Yes, I understand that, you are not understanding what I’m describing. I am not talking about taking an average of numerical data. LLMs take something that can be thought of as an “average” of text. It says “given all the text I have seen, and this new text input, what’s the most likely output?” In some numerical contexts the expected value is also an average, LLMs find a similar result, and that is what I am drawing a parallel between here.
let me make sure I understand.
you’re saying that LLMs average words, and because it averages words, it can consistently return mathematically accurate averages based on empirical data that was provided to it. does that sum it up?
Are you actually reading my comments? I am categorically NOT saying anything about mathematical averages, as I have said repeatedly. I am saying that what LLMs do is produce something that is akin to a mathematical average, when applied to text. It produces a “most likely” text output. That is all.
The word “average” does not always apply to numbers. You might, in some contexts, describe an “average” response to a survey - e.g. an opinion that would be considered the norm based on that survey. That is what I am describing. Average, as in “typical or usual.”
average is literally a mathematical function. you can’t have an average of anything without math.
think about it. average as in typical or usual to what? what’s the data set? I’ll give you that LLMs can give you a facsimile of an average, but results are so wildly inconsistent that it makes the end result absolutely useless for anything other than “entertainment value”.
LLMs are the 21st century automatons from the 16th century.

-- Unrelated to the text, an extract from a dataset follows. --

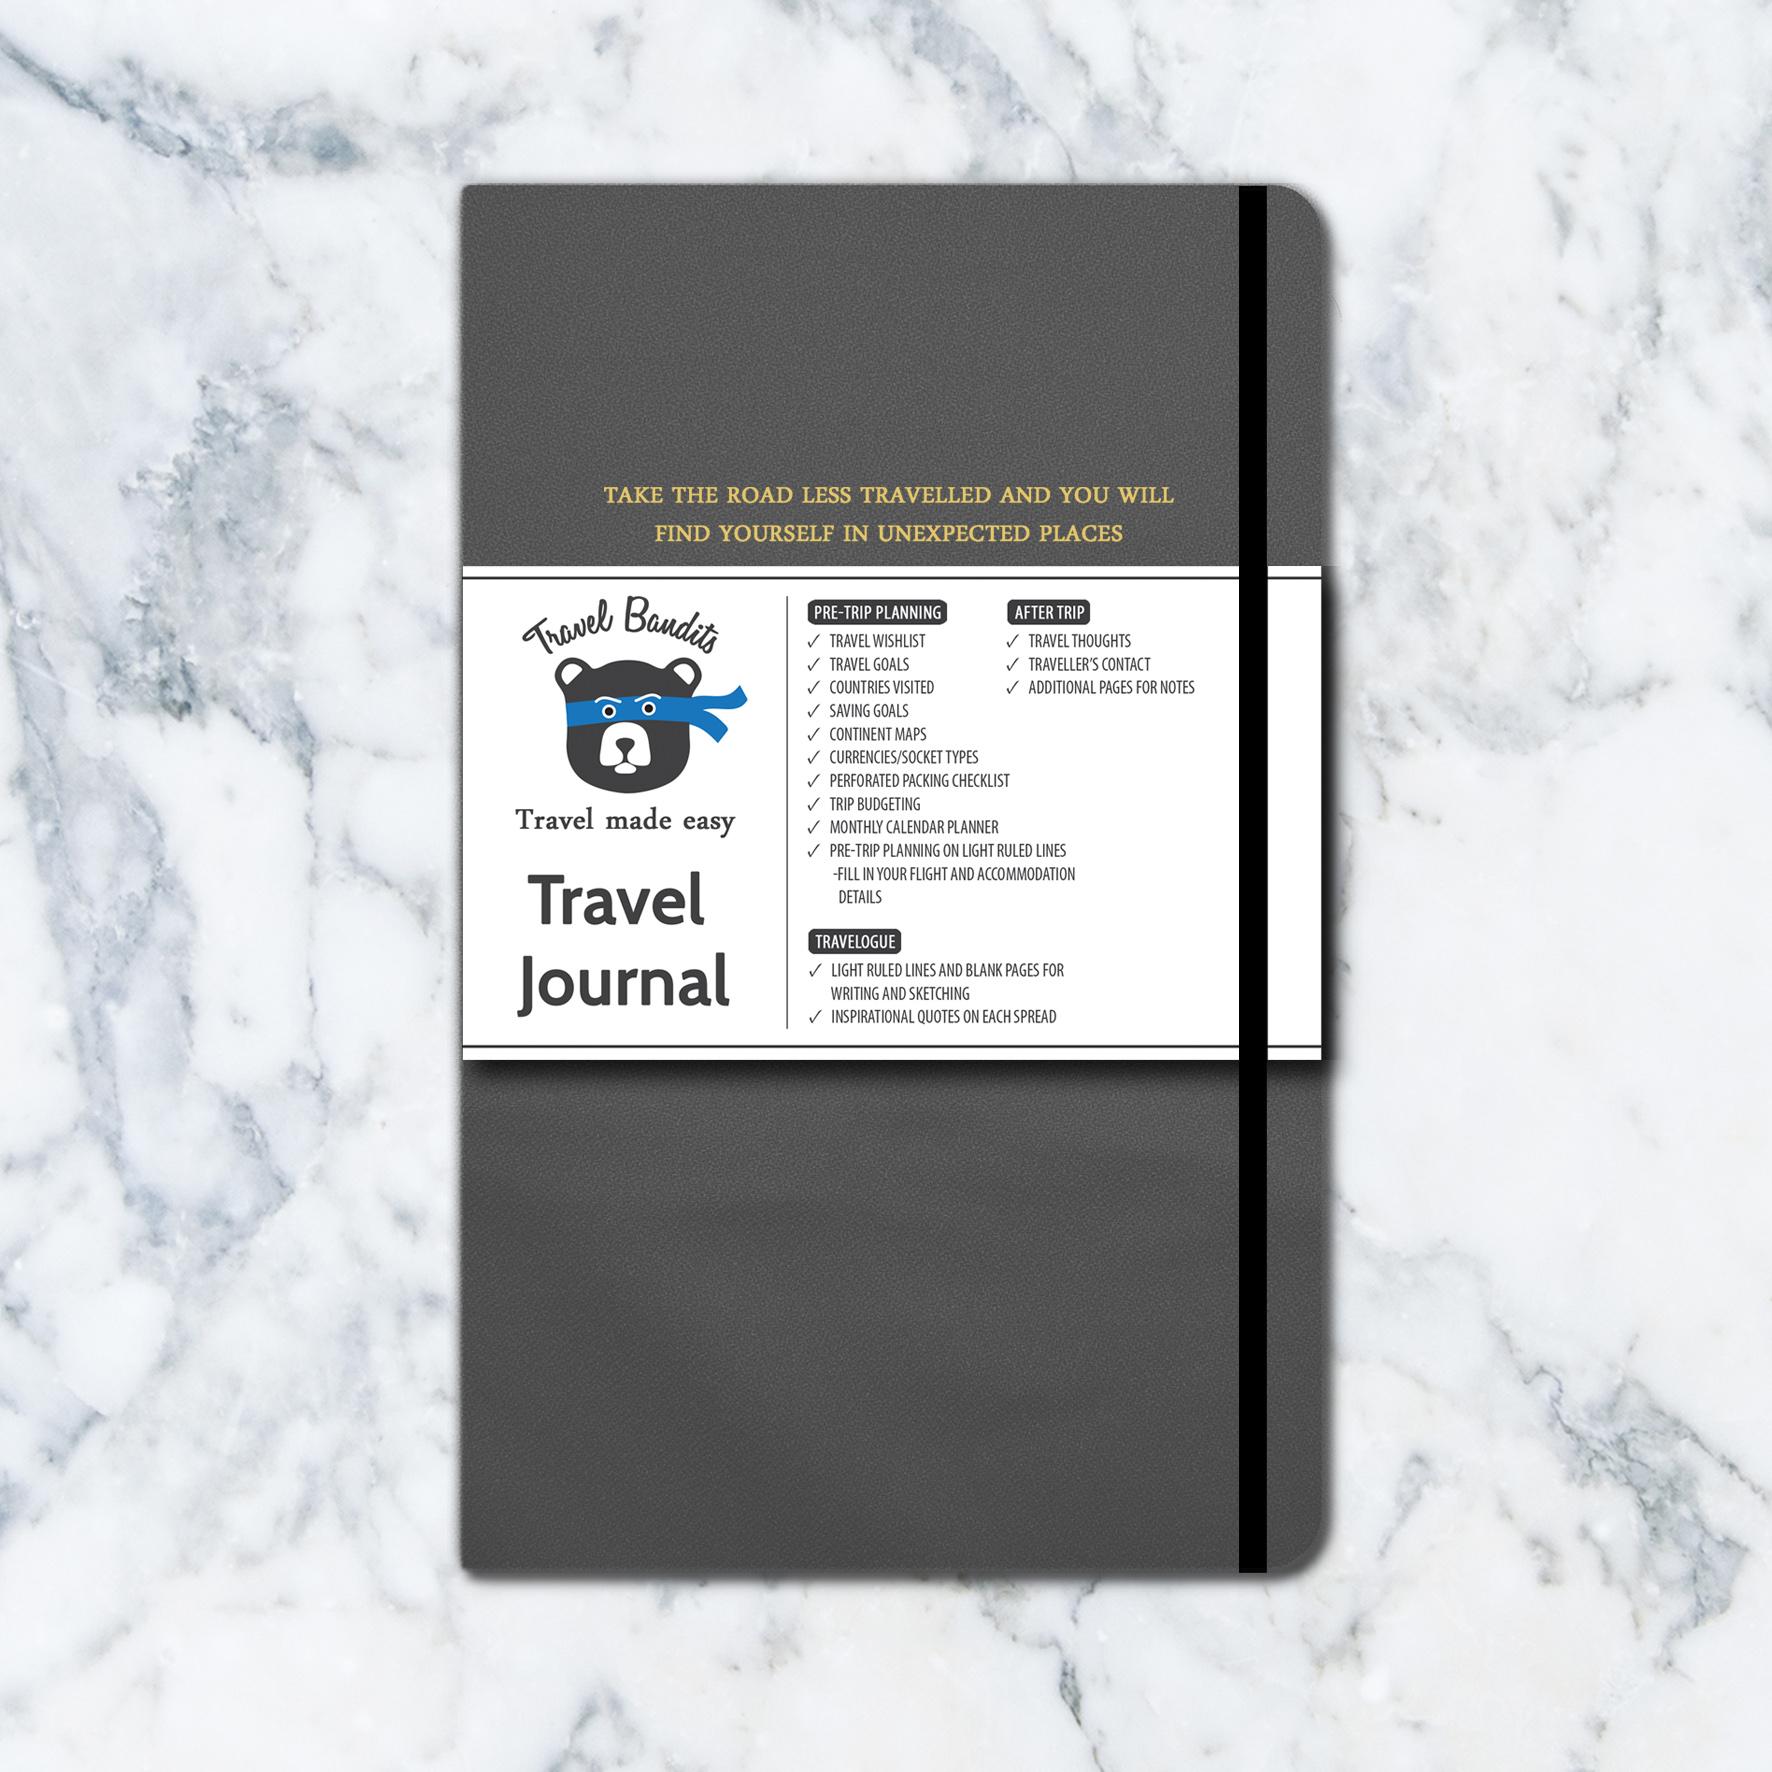 Travel Bandits Travel Journal

behold! it moves and thinks on its own! it’s alive!!
Average is also a word used outside the context of mathematics. Would you make this argument if someone said “I’m average looking”? No, no, you can’t be average looking, because there is no such thing as an average of appearances! Come on.
The data set is the training set of the LLM. Look I get that you are obviously very against AI, and that’s fine, I don’t really care, but what they do is what I’ve described. It’s not a literal average, no, but its comparable. That is all I have been trying to say.